On 2/26/07, [EMAIL PROTECTED] <[EMAIL PROTECTED]> wrote:
Thank you both. I am trying to find out why "!~" operator fails. It is due to the
whitespaces. but I am using "six" to ignore spaces.
Sorry guys. Below is the actual code. I made the changes that A.R. Ferreira
suggested and it fails.
use strict;
use warnings;
my $rdns="cn=Exchange Sites,cn=Proxy Views,cn=JoinEngine Configuration,ou=Conf,o
u=InJoin,ou=applications,dc=marriott,dc=com";
my $result="cn=Exchange Sites";
if ($result !~ /\Q$rdns\E/six) {
print "\nresult: '$result'";
print "\nrdn: '$rdns'\n";
} else {
print "String is there\n";
}
OUTPUT is:
$ ./test.pl
result: 'cn=Exchange Sites'
rdn: 'cn=Exchange Sites,cn=Proxy Views,cn=JoinEngine
Configuration,ou=Conf,ou=InJoin,ou=applications,dc=marriott,dc=com'
Tom your code works fine. But I was tring to understand why "!~" fails above.

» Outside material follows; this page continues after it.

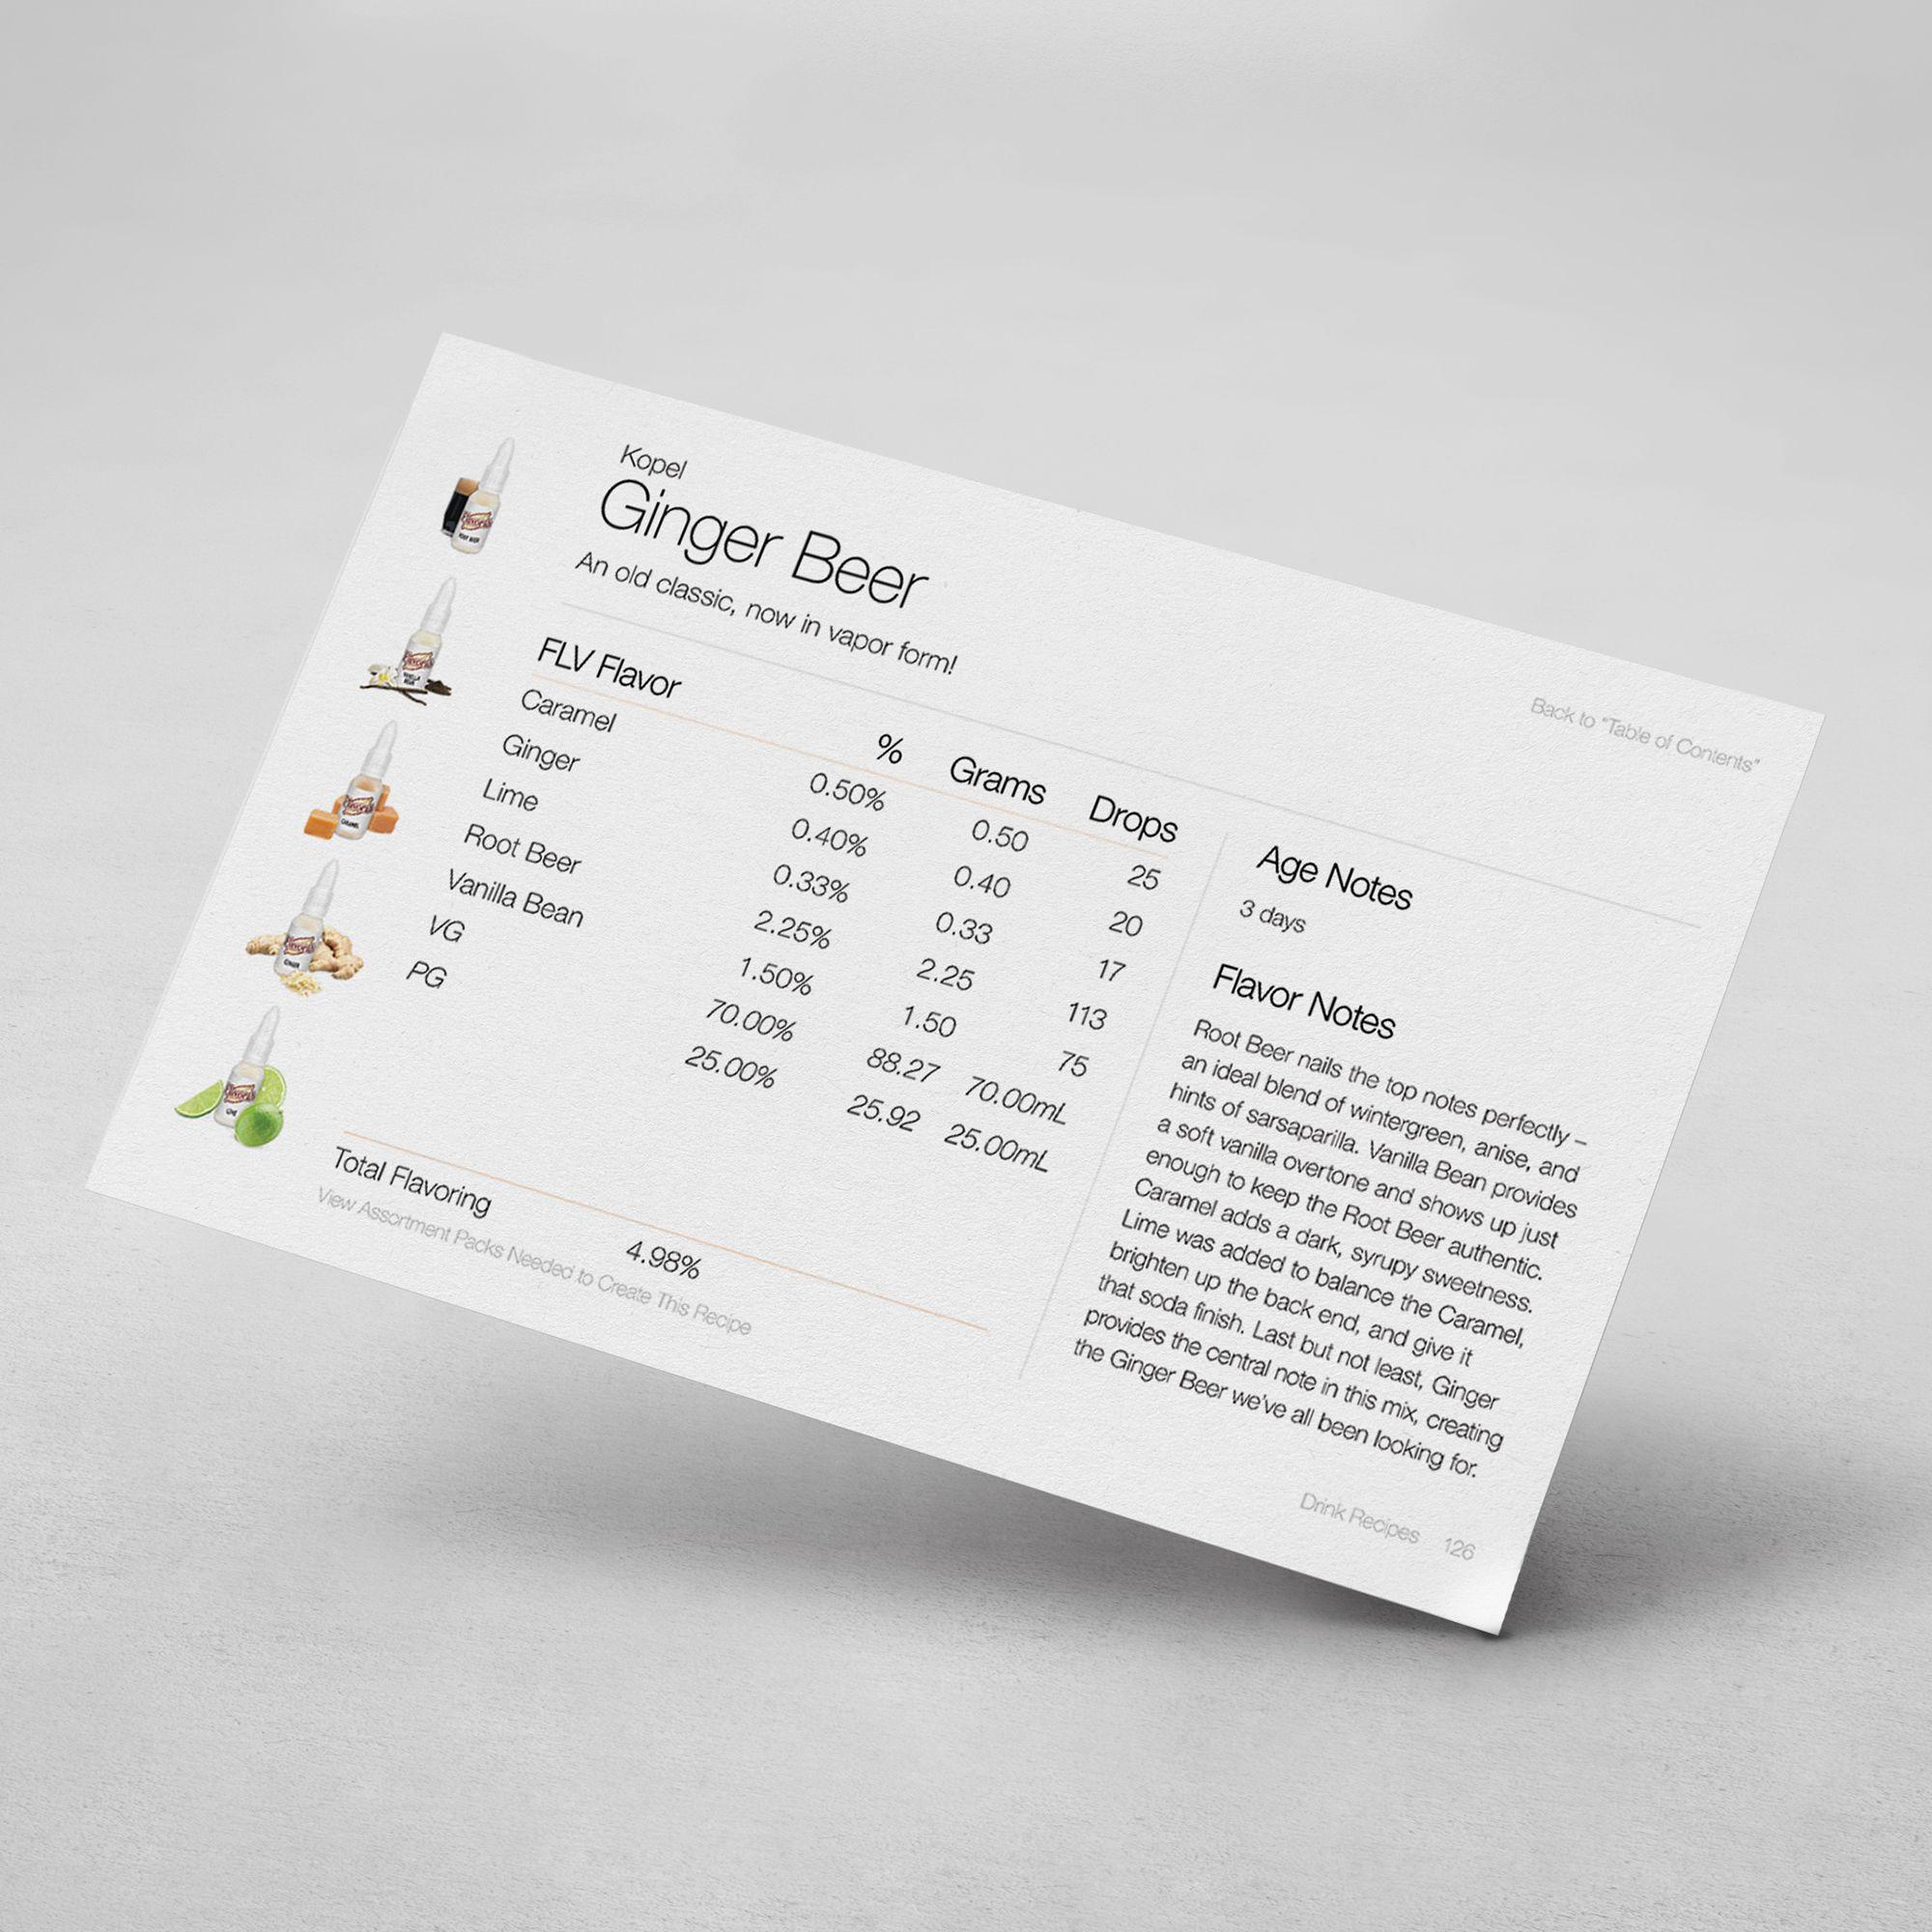 Vape Recipe Book Mastering The Art Of Diy Vapor Flavorah Flv Recipe Book Diy Eliquid Recipes Eliquid Recipe

It fails because *all* of $rdns is not in $result1.
The regex on the right is matched against the operand on the left. So,
$result1 =~ /$rdns/
means "see if $result1 contains the pattern $rdns". What you wanted to
say was "see if $rdns contains the pattern $result1." Or, if you want
to think about it the other way 'round: "see if pattern $result1
appears in $rdns." That is written as
$rdns =~ $result1
To negate it ("make sure $result1 doesn't appear in $rdns"), you can
use !~ instead.
If you aren't using regex metacharacters (*,.,?, etc.), it is probably
both simpler and faster to use index:
index($rdns, $result1)
That says "see if the substring $result1 appears in the string $rdns."